Saturday, September 12, 2009

Schoolingness / Worst Audition Ever-ness

School hath beguneth again, and thus the stress of auditions. I'll spare you the aches and pains I have with the closed environment of school theatre in general, as well as my insecurities about a college major that guarantees I won't have a job for more than a year at a time, and instead I'm going to make lists! Because lists are fun!

My roommate has a ton of gorgeous clothes and I'm totes jealous,
But it's cuz I'm a shitty ass cheapskate, for the record, and therefore my clothes are shitty. Haha.

1. PRO: You.... think for yourself, I guess? psh. Everyone thinks for themselves.
2. CON: Your life is anxiety. My life IS anxiety.
3. PRO: You drink more. I will not be a lightweight dammit! ...Is this a Pro?
4. CON: Your friends sing in the streets. You say that singing in public is like using magic in the muggle world, and then they give you hateful looks.
5. CON: They hate you when your correct their grammar. I'M SORRY I JUST LOVE THE APOSTROPHE

1. Rebecca doesn't like overhead light at all, so instead we have those huge ass white paper lamps, two round ones from either corner and one gigantic wine-bottle shaped one by the window. It gives the room a romantic glow.
2. I HAVE A WINDOW WITH A GREAT VIEW OF DOWNTOWN/MY SCHOOL! :D It's next to my desk! I have sort of a little study nook.
3. I have a really sweet badass desk, with a lot of space and shelves, which is great because I already have to memorize a whole bunch of Hiragana by Monday!
3. My roomies let me put my art up to cover unsightly wall blemishes and fuse boxes.
4. We have a shit ton of kitchen supplies as well as a very lovely big kitchen.
5. All this space and I'm still in New York. Manhattan, nonetheless!

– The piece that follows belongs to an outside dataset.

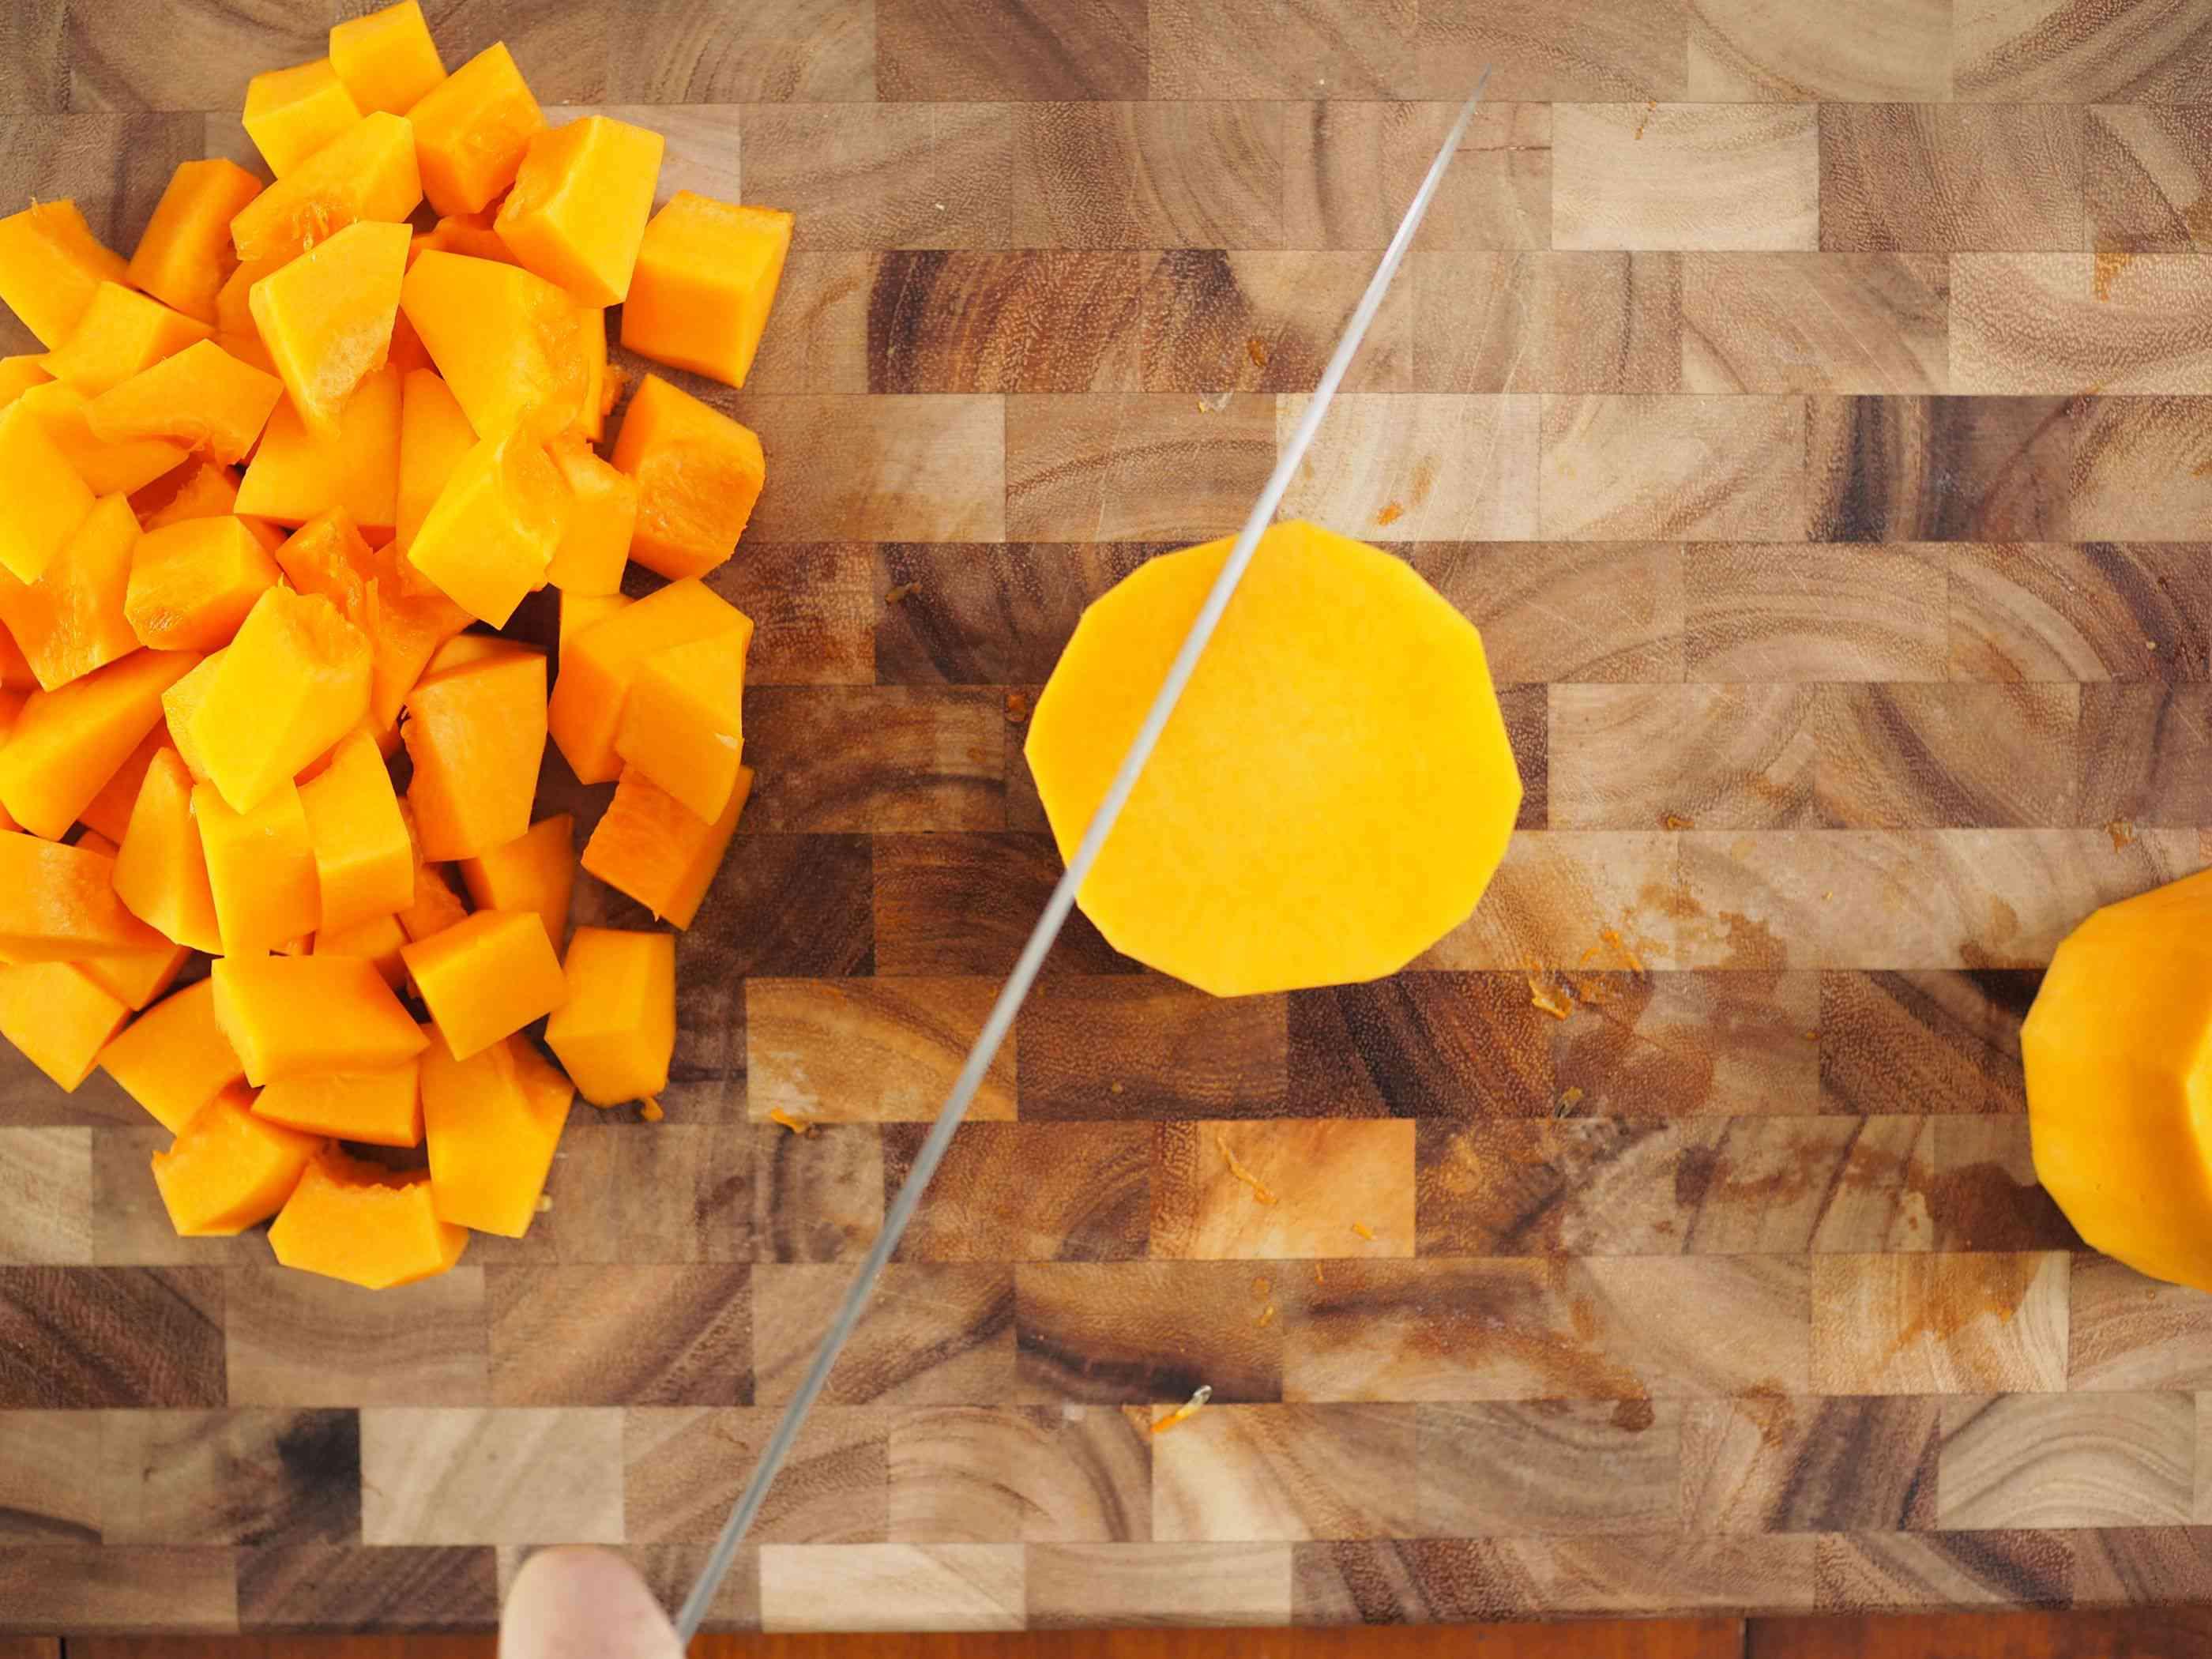 20141008-knife-skills-butternut-squash-daniel-gritzer23.jpg

And so, I am going to TRY to have a glimmer of hope about the goodness of this coming year even though I had the official worst audition of my LIFE yesterday. Worst. Audition. Of. My. Life. And that's a lot of auditions to compete with for title of Worst Audition Ever.


middleagedtreehouse said...

There's no shame in being a lightweight drinker— in fact, it's the best kind of drinker to be. It saves you a lot of money and brain cells!

middleagedtreehouse said...

Also, you will totally kick arse at that callback! A bad audition for you is better than most people's good auditions.


Z Marxen said...

After four years of drinking, still being a lightweight is awesome.